═══ Material provided

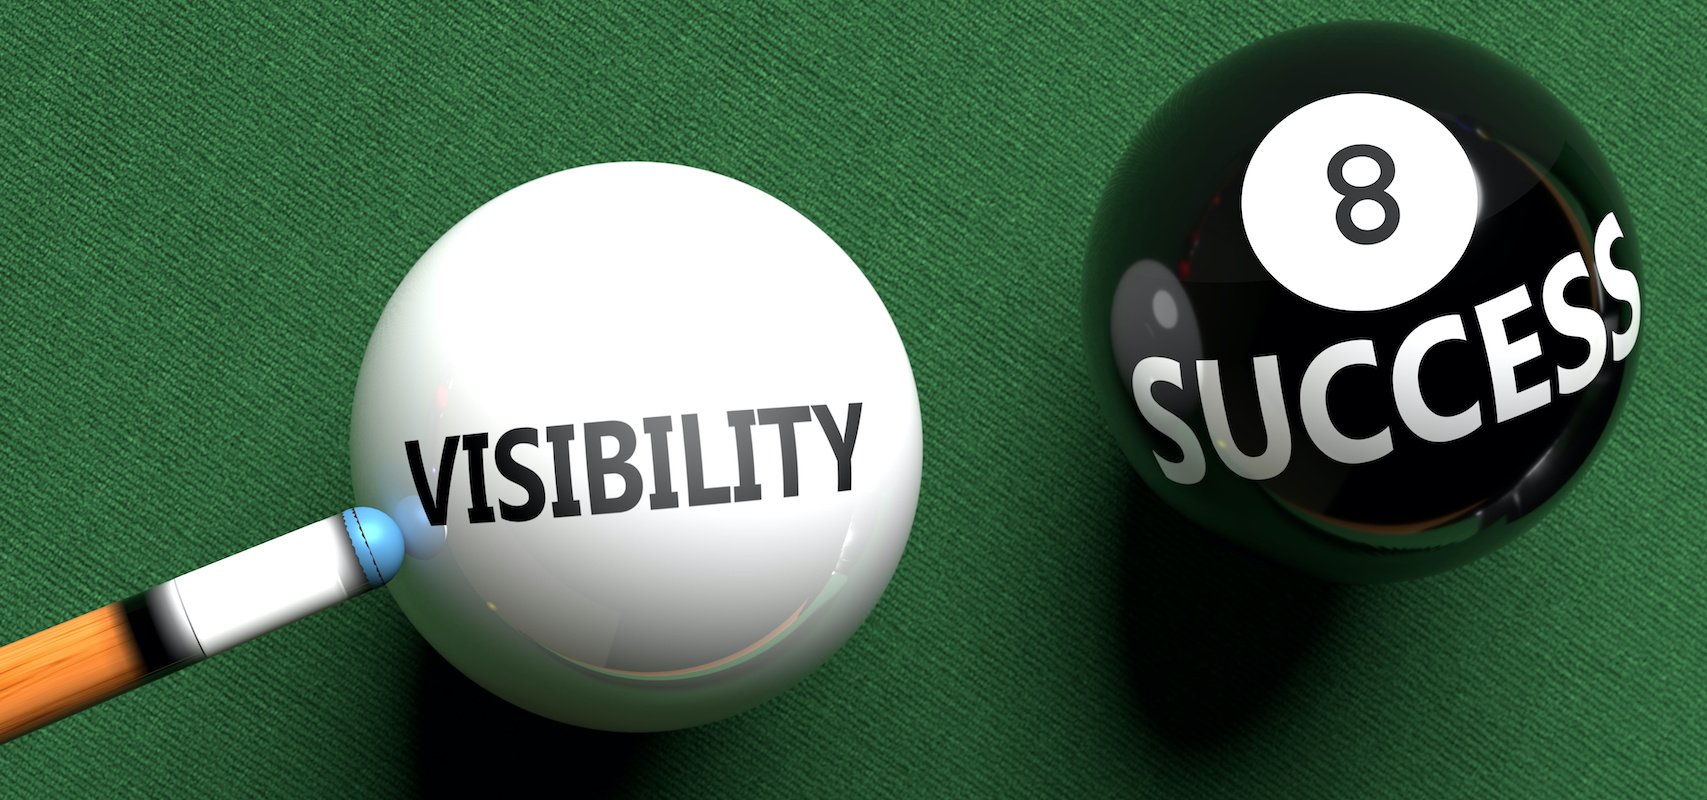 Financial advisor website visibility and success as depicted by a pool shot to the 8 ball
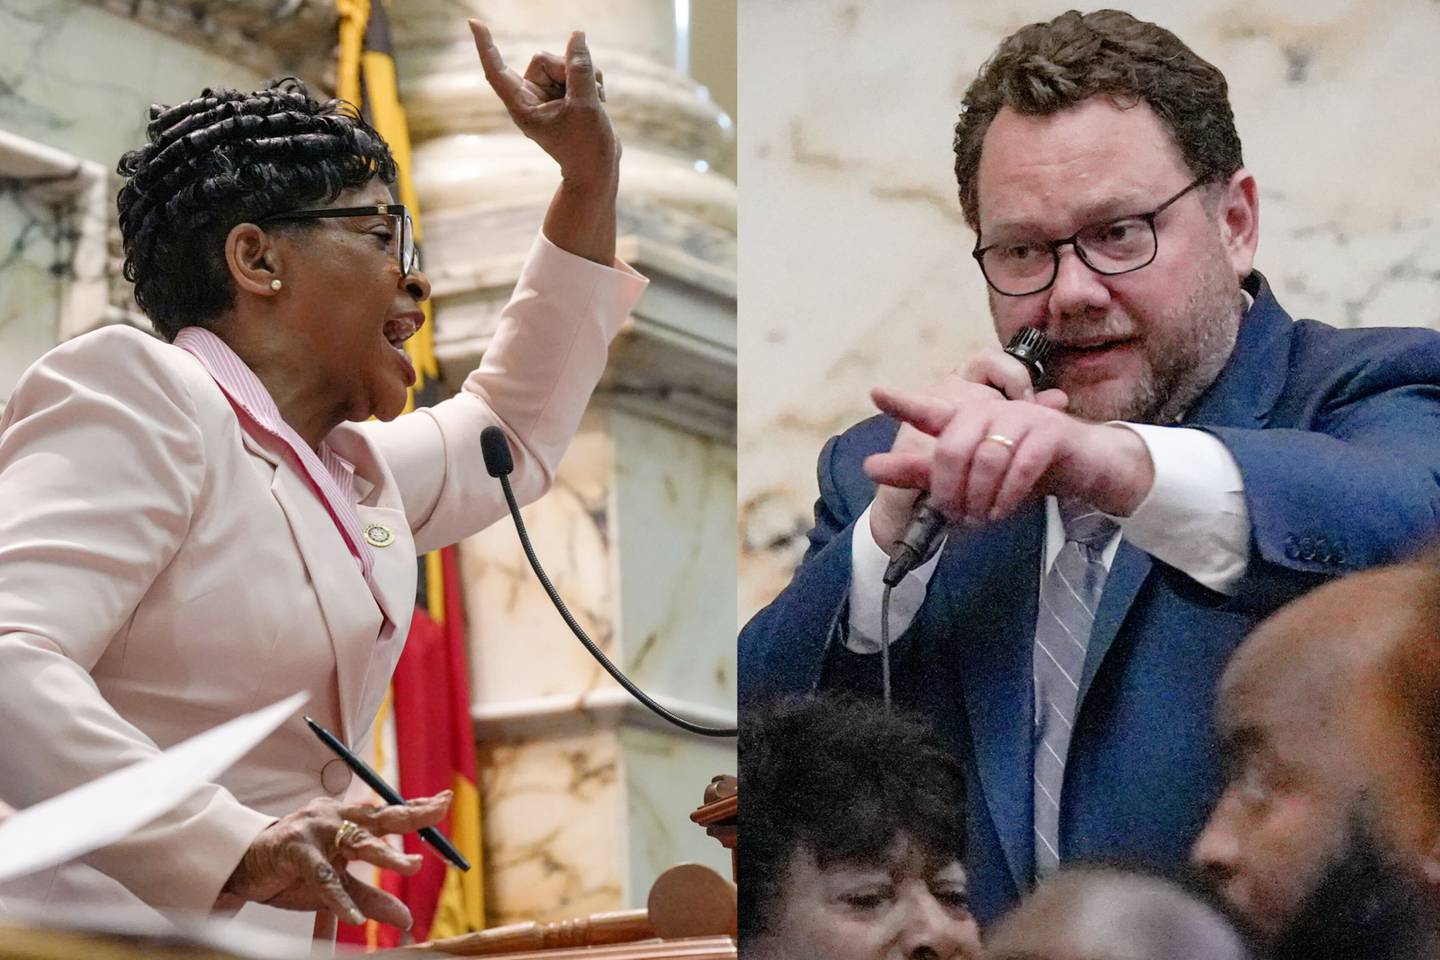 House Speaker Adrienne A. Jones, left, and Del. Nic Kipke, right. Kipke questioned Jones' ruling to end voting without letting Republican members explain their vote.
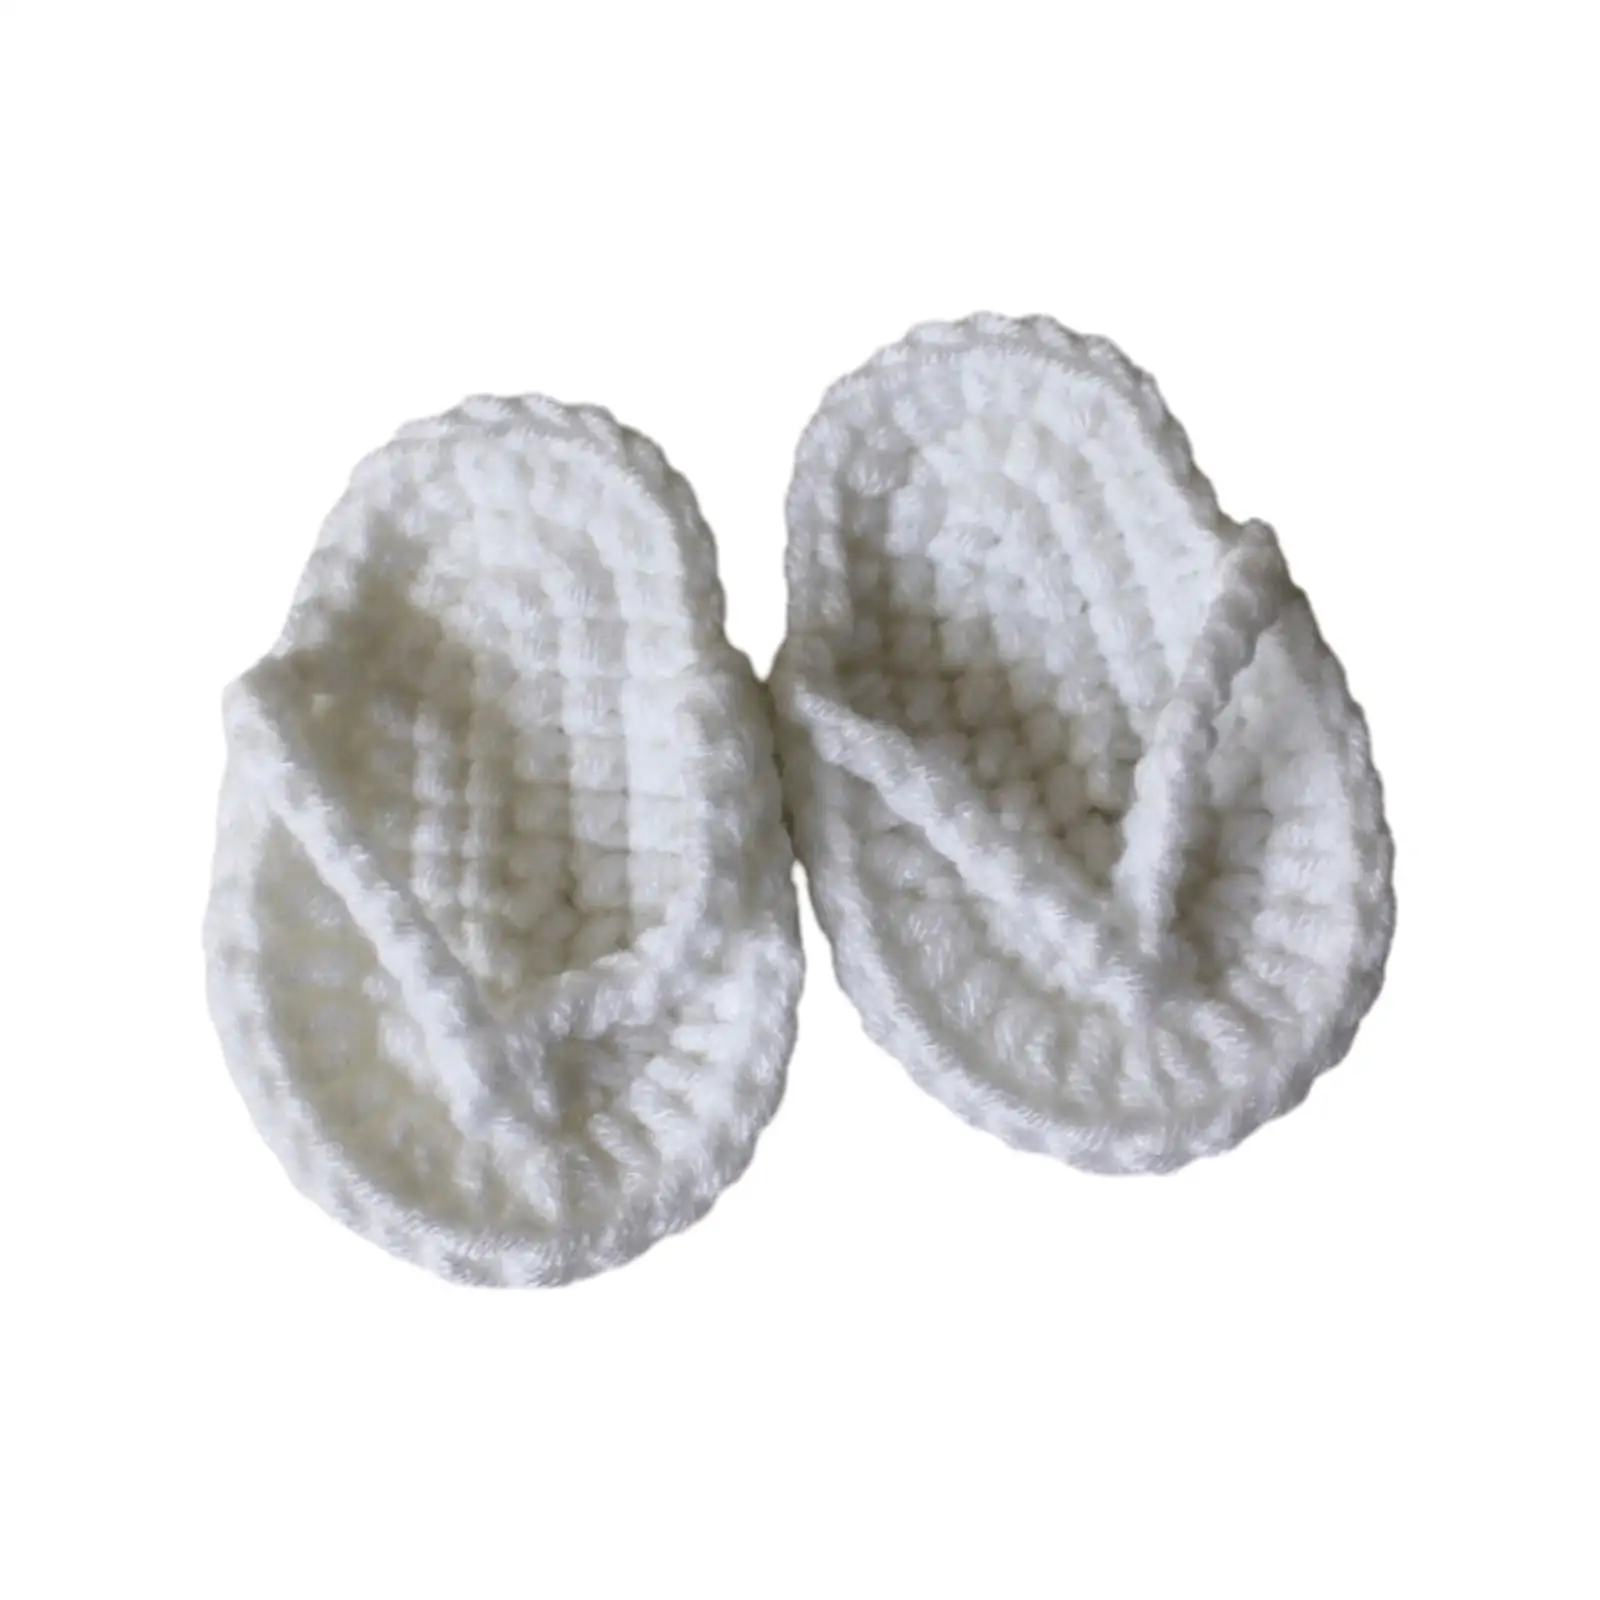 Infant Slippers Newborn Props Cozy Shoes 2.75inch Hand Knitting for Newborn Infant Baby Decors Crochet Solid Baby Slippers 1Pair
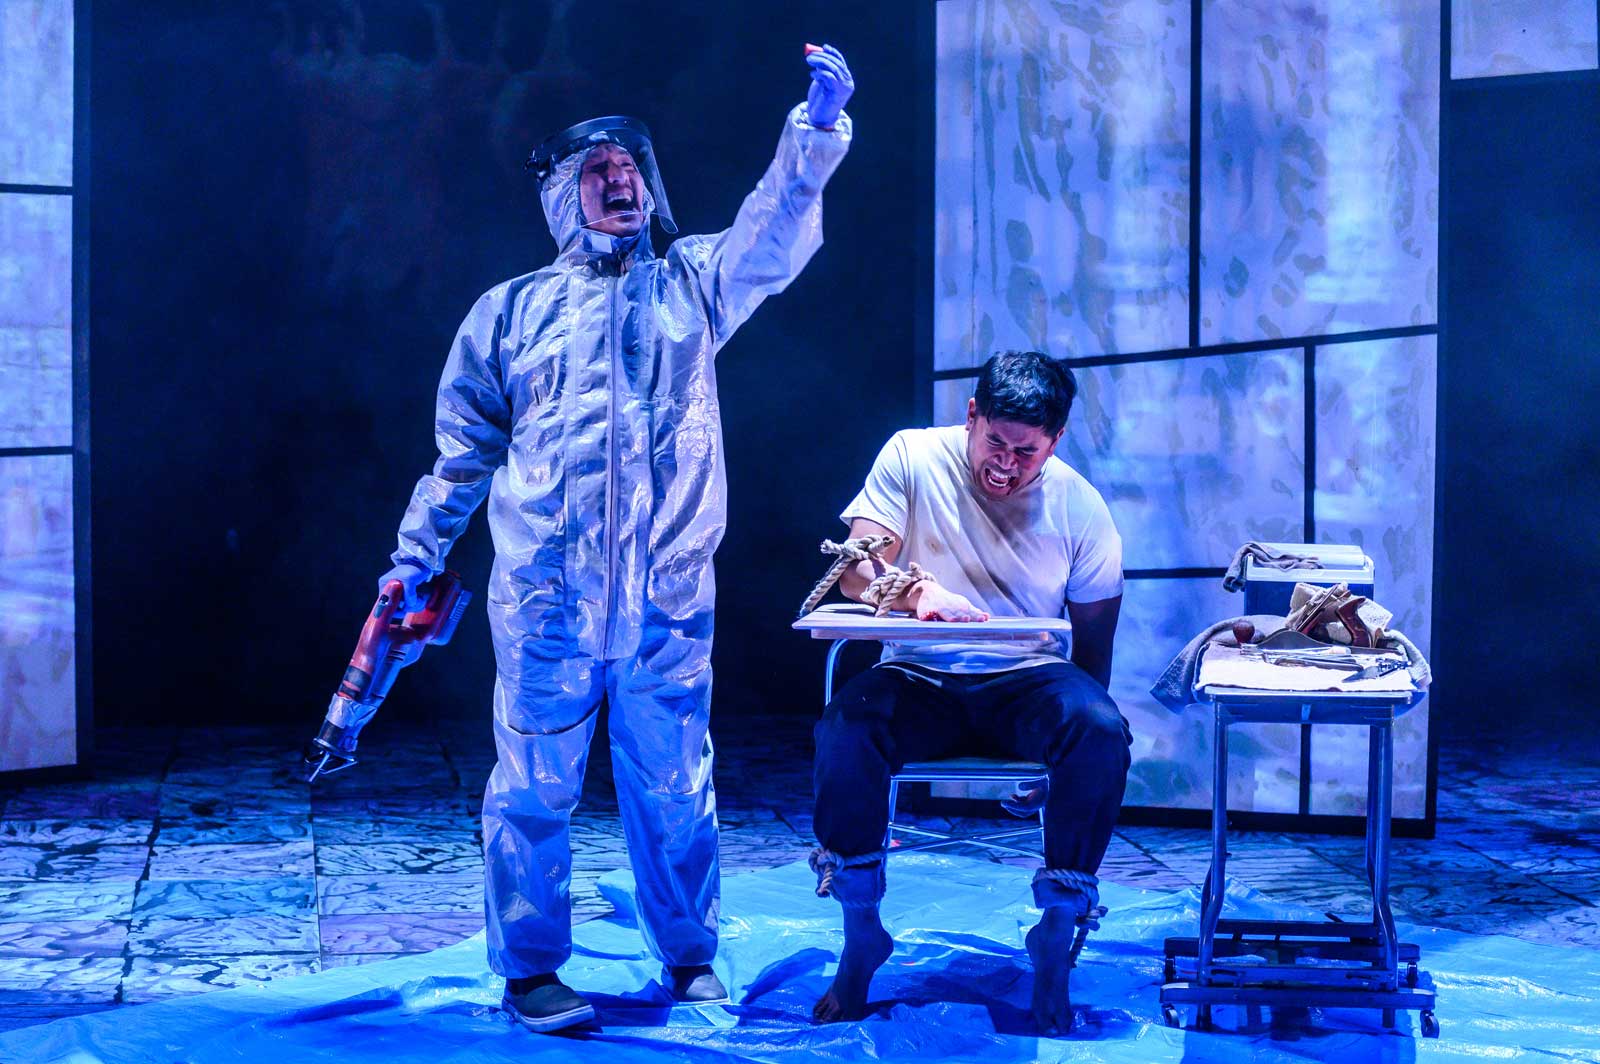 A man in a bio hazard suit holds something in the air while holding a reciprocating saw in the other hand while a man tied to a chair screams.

══════

**What to work on:**
Print, exactly as written, the lines above from the first one to the one containing "House Speaker Adrienne". Leave out pictures.

**Result of this task:**
 Financial advisor website visibility and success as depicted by a pool shot to the 8 ball
 House Speaker Adrienne A. Jones, left, and Del. Nic Kipke, right. Kipke questioned Jones' ruling to end voting without letting Republican members explain their vote.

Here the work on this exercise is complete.